SOURCE INFORMATION =>

--

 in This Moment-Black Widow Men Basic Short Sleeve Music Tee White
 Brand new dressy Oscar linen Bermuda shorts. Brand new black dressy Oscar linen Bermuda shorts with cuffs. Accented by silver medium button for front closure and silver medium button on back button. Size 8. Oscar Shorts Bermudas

--

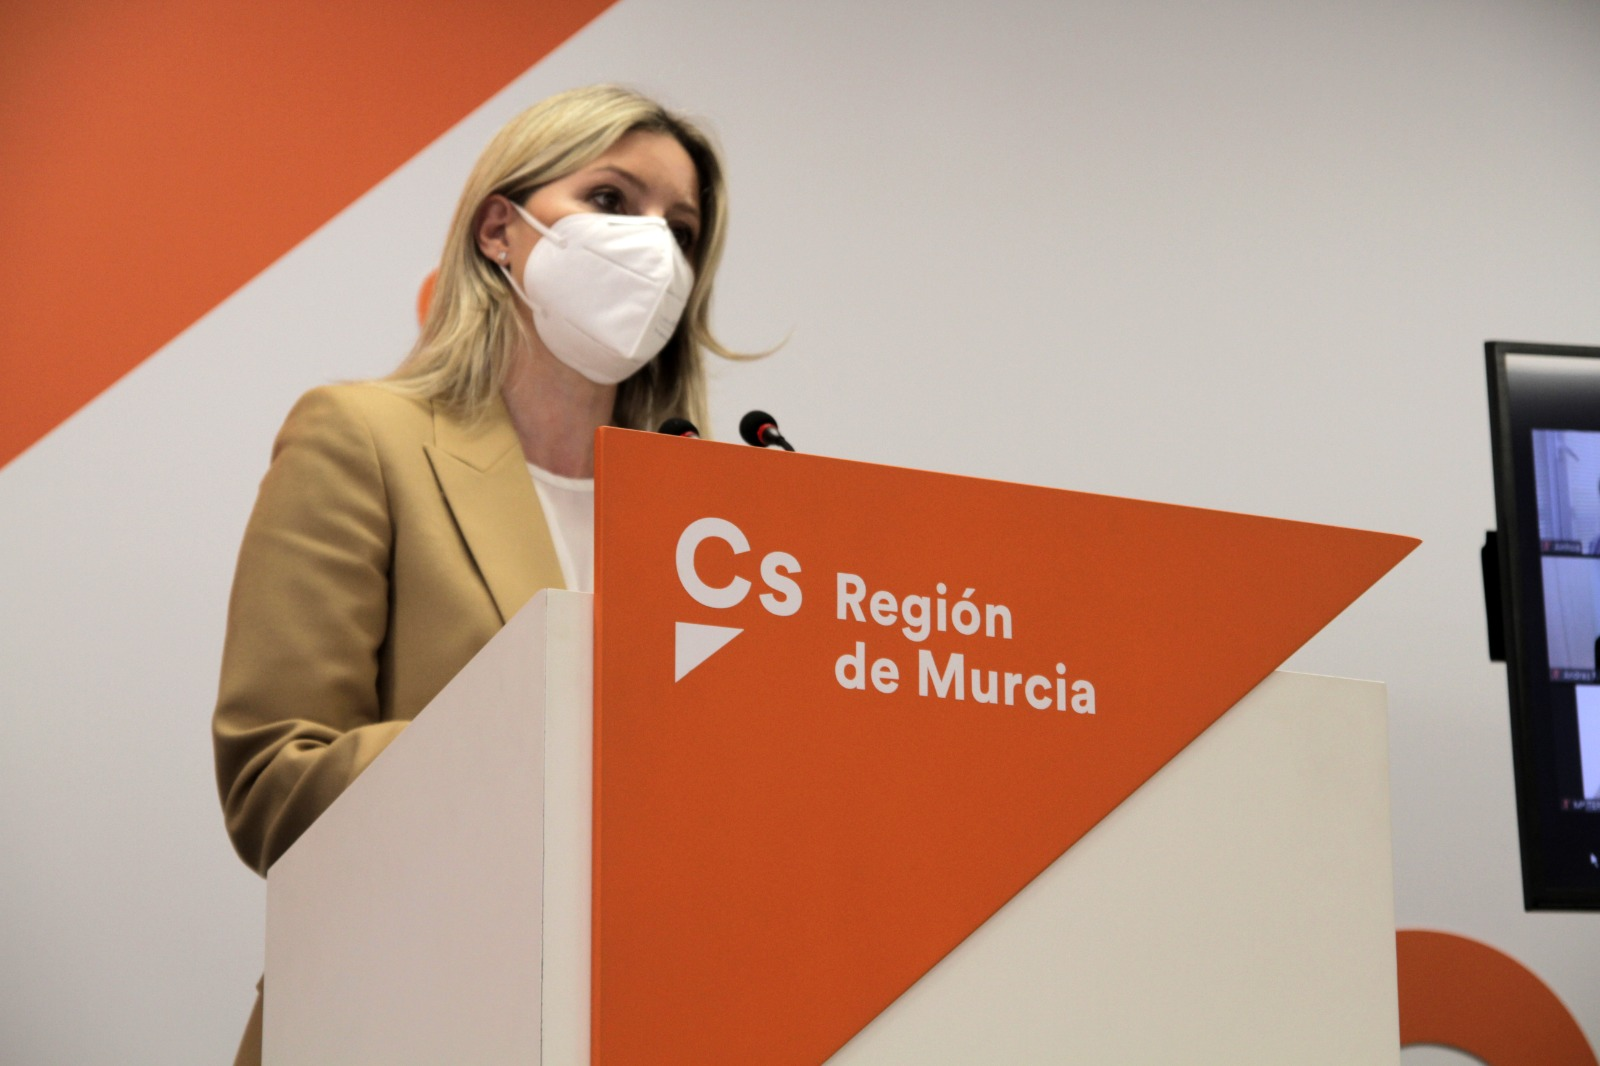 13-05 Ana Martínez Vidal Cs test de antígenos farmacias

--

TASK BRIEF => Among the entries above, find the line with "in This Moment-Black" and the line with "Brand new dressy"; give again exactly these two lines and all lines between them.

WRITTEN ANSWER =>
 in This Moment-Black Widow Men Basic Short Sleeve Music Tee White
 Brand new dressy Oscar linen Bermuda shorts. Brand new black dressy Oscar linen Bermuda shorts with cuffs. Accented by silver medium button for front closure and silver medium button on back button. Size 8. Oscar Shorts Bermudas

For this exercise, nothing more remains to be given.